**Data:**
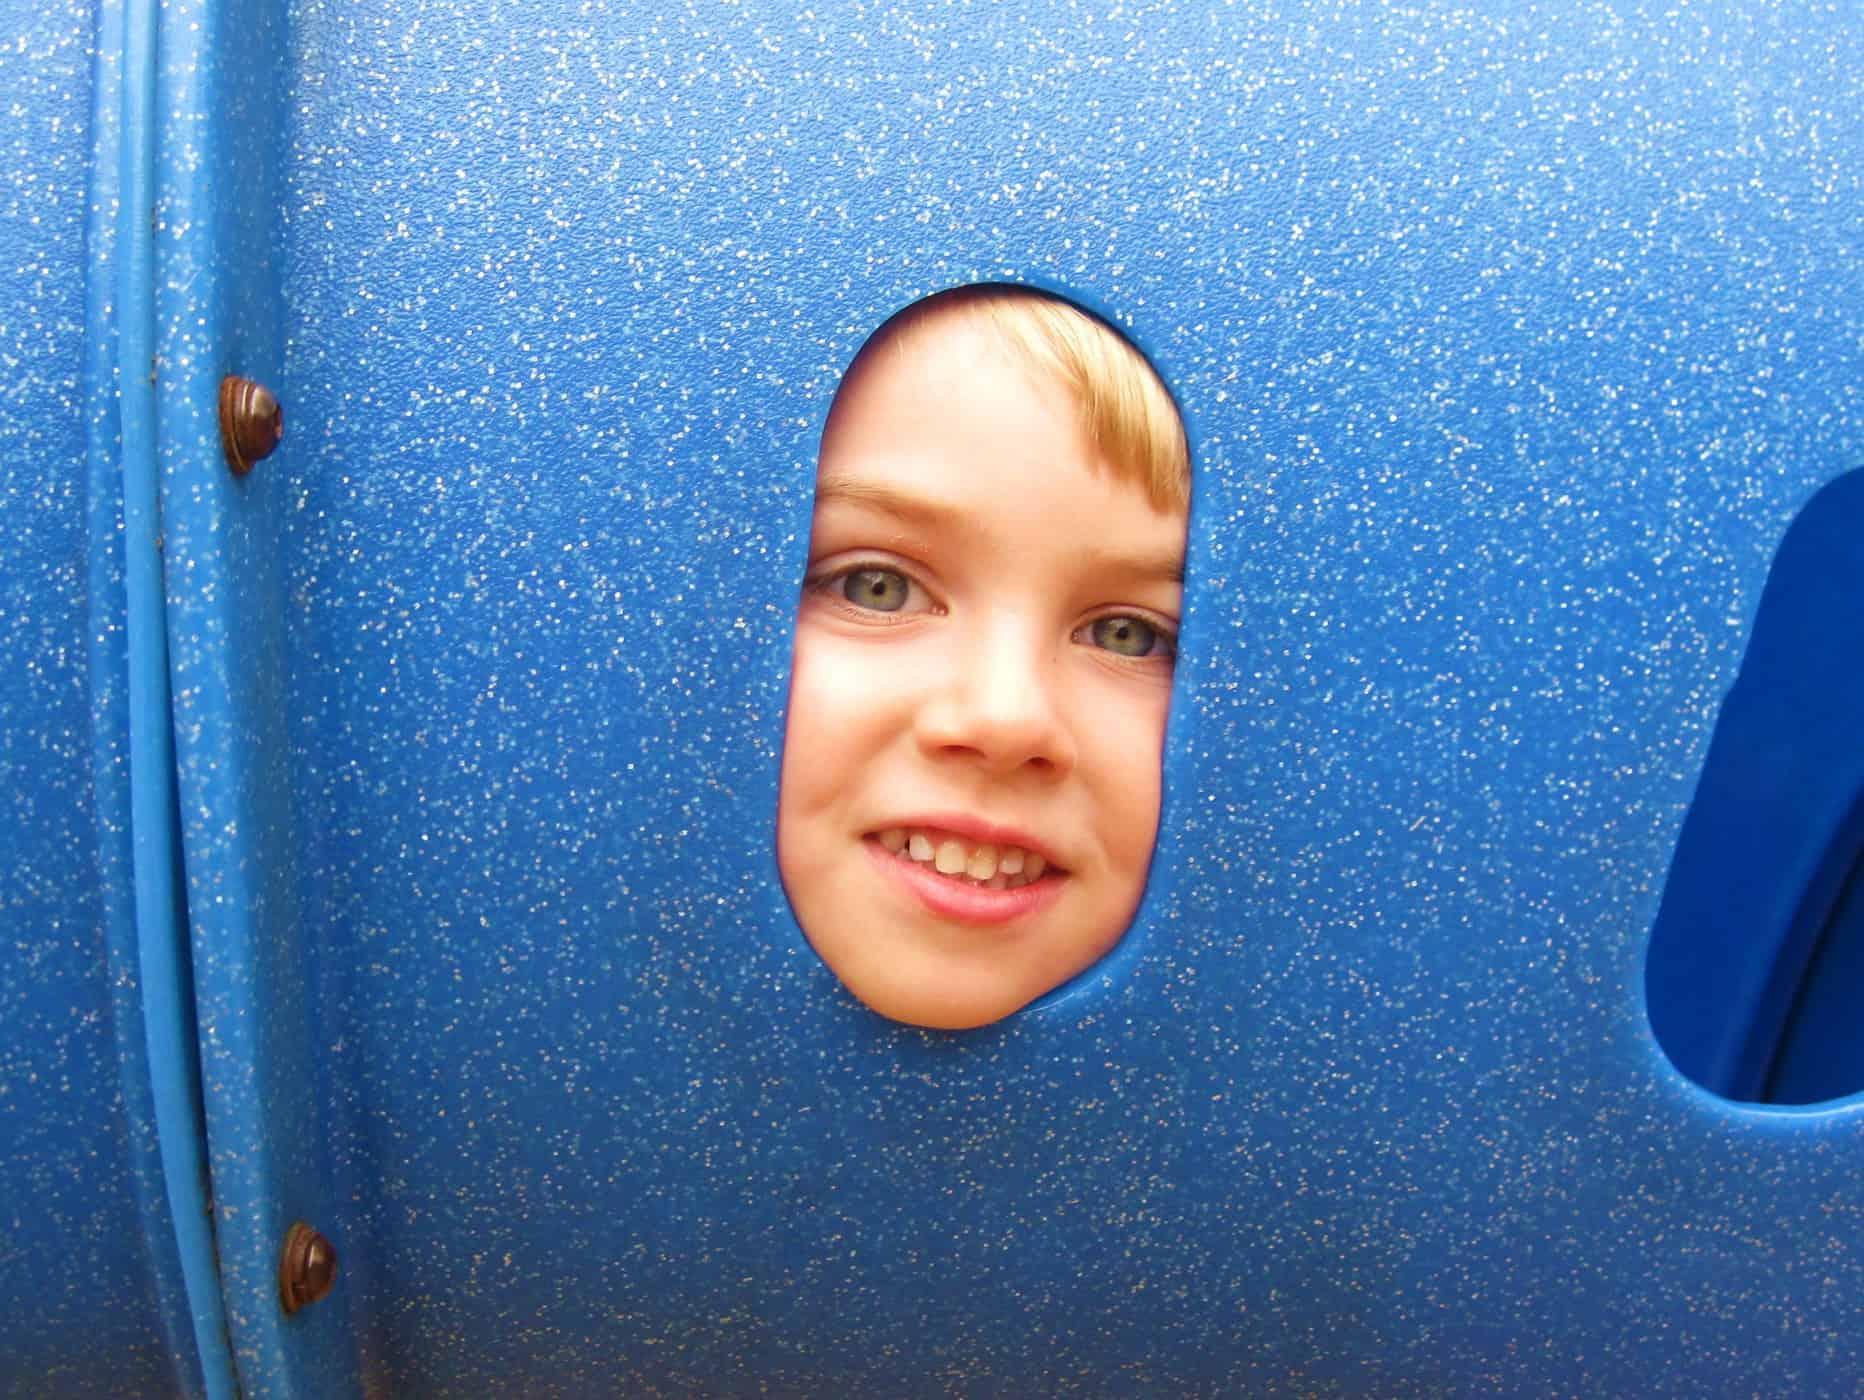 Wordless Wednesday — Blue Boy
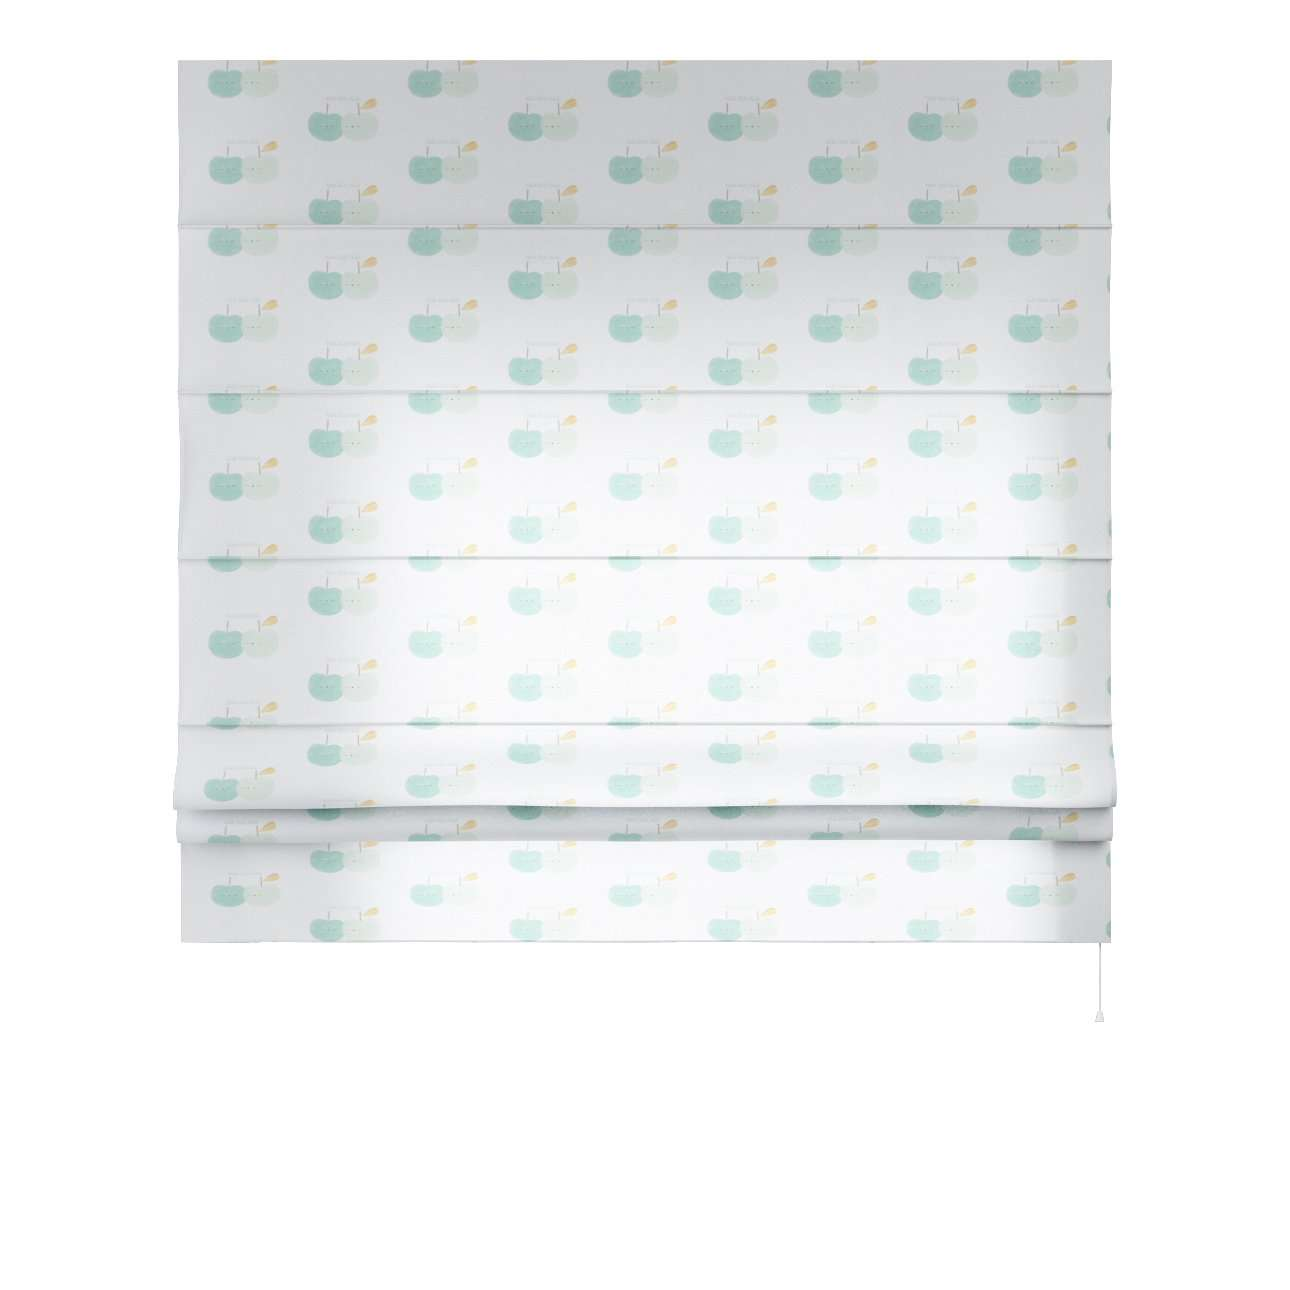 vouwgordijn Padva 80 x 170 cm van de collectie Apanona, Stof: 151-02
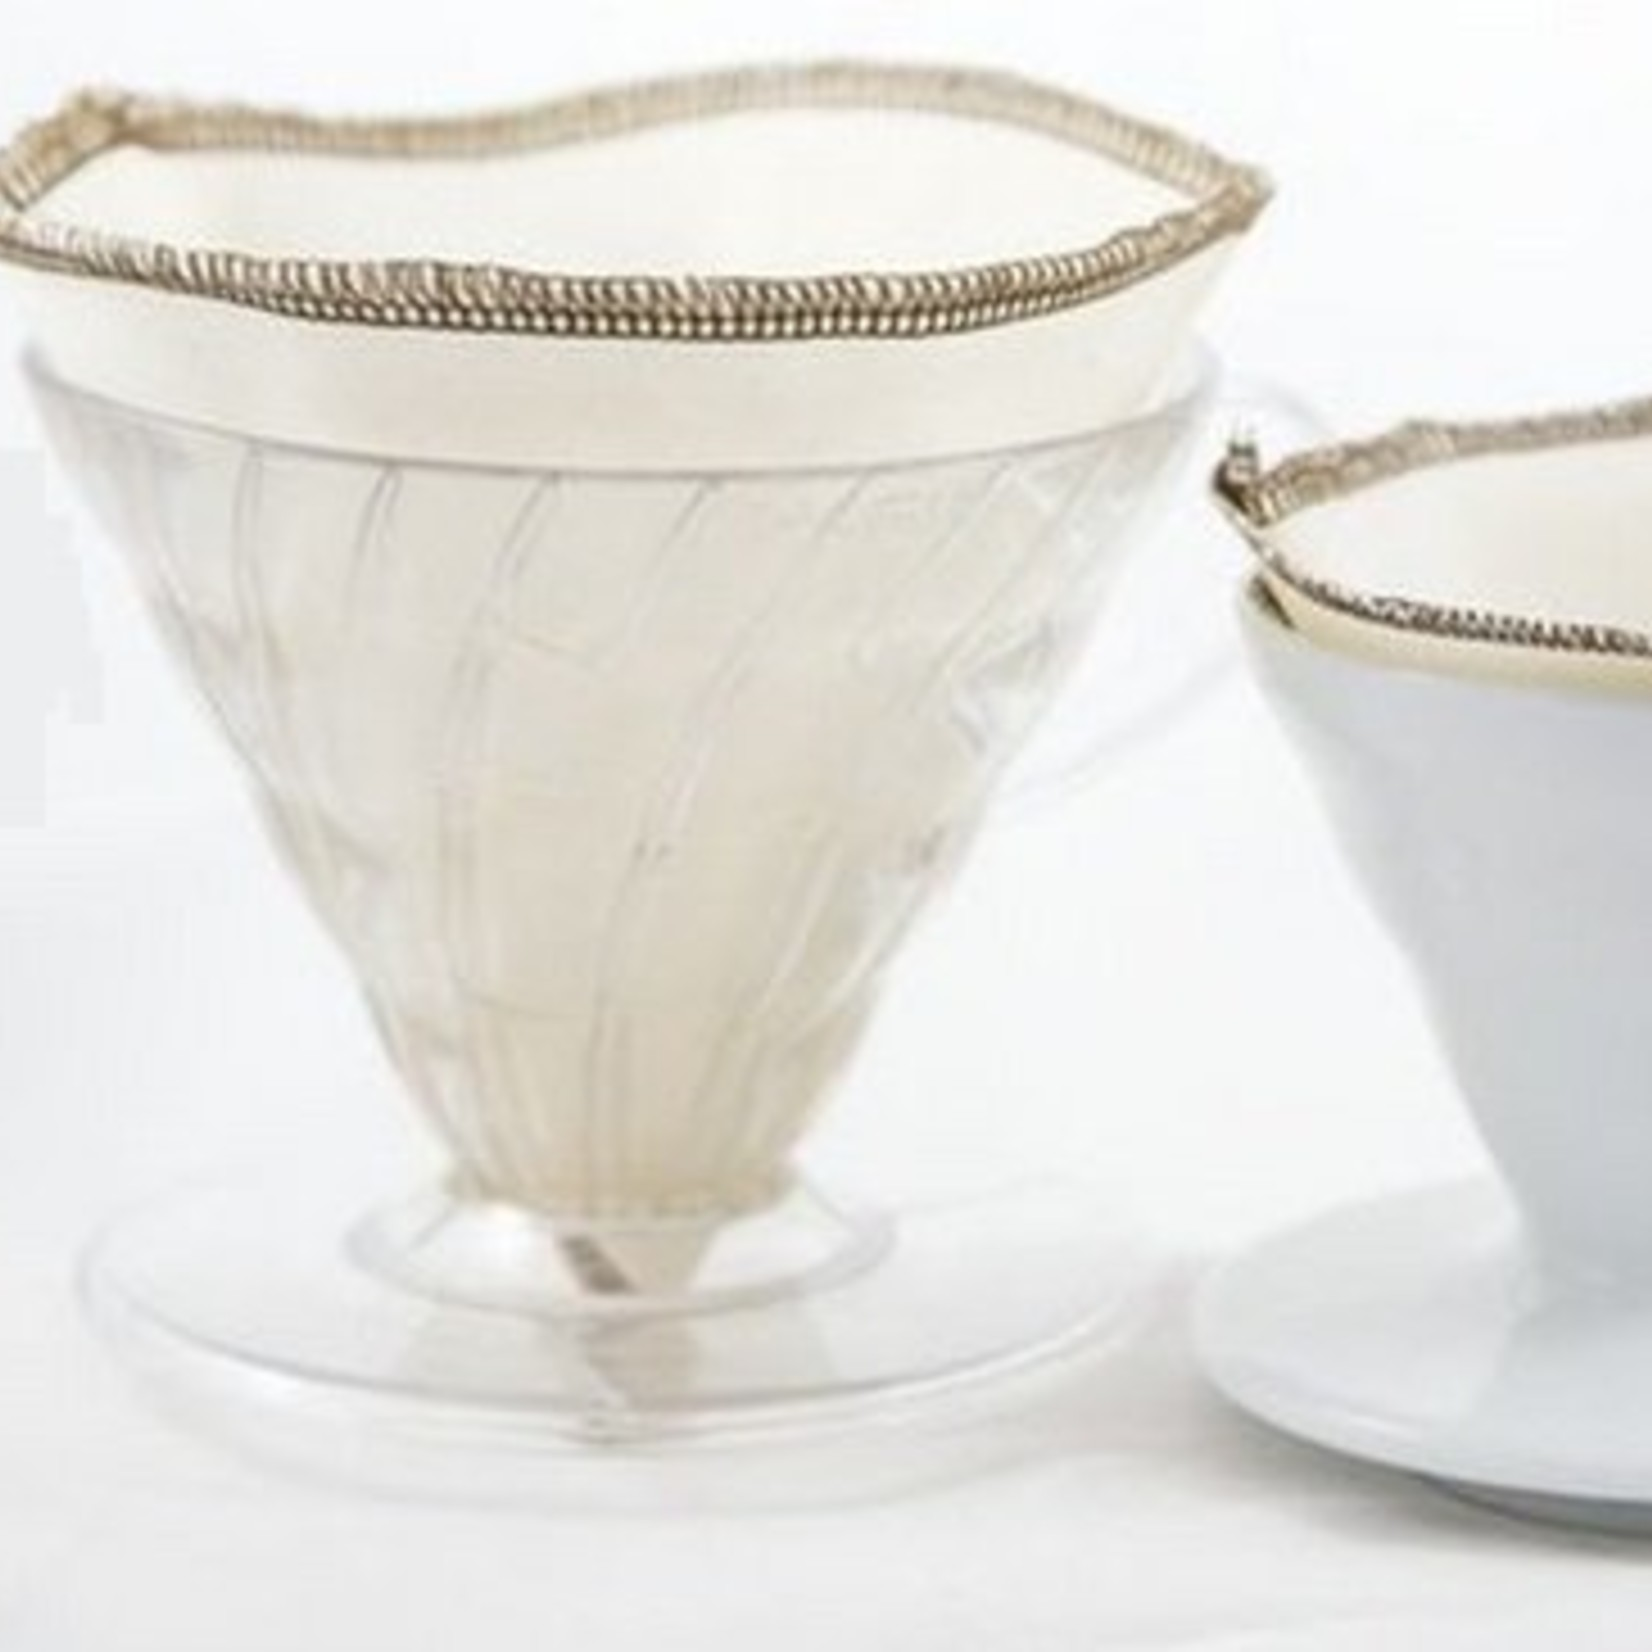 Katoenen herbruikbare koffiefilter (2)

**What the task asks:** The expected output is exactly the lines from the one containing "vouwgordijn Padva 80" through the last line of the listing, both included, with every picture left out.

**Answer:**
 vouwgordijn Padva 80 x 170 cm van de collectie Apanona, Stof: 151-02
 Katoenen herbruikbare koffiefilter (2)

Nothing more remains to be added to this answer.